**Your task:**
Transcribe the entire listing below exactly.

**Given material:**

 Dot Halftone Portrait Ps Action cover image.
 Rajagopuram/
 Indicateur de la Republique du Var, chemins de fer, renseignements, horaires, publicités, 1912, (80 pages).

**Exercise solution:**
 Dot Halftone Portrait Ps Action cover image.
 Rajagopuram/
 Indicateur de la Republique du Var, chemins de fer, renseignements, horaires, publicités, 1912, (80 pages).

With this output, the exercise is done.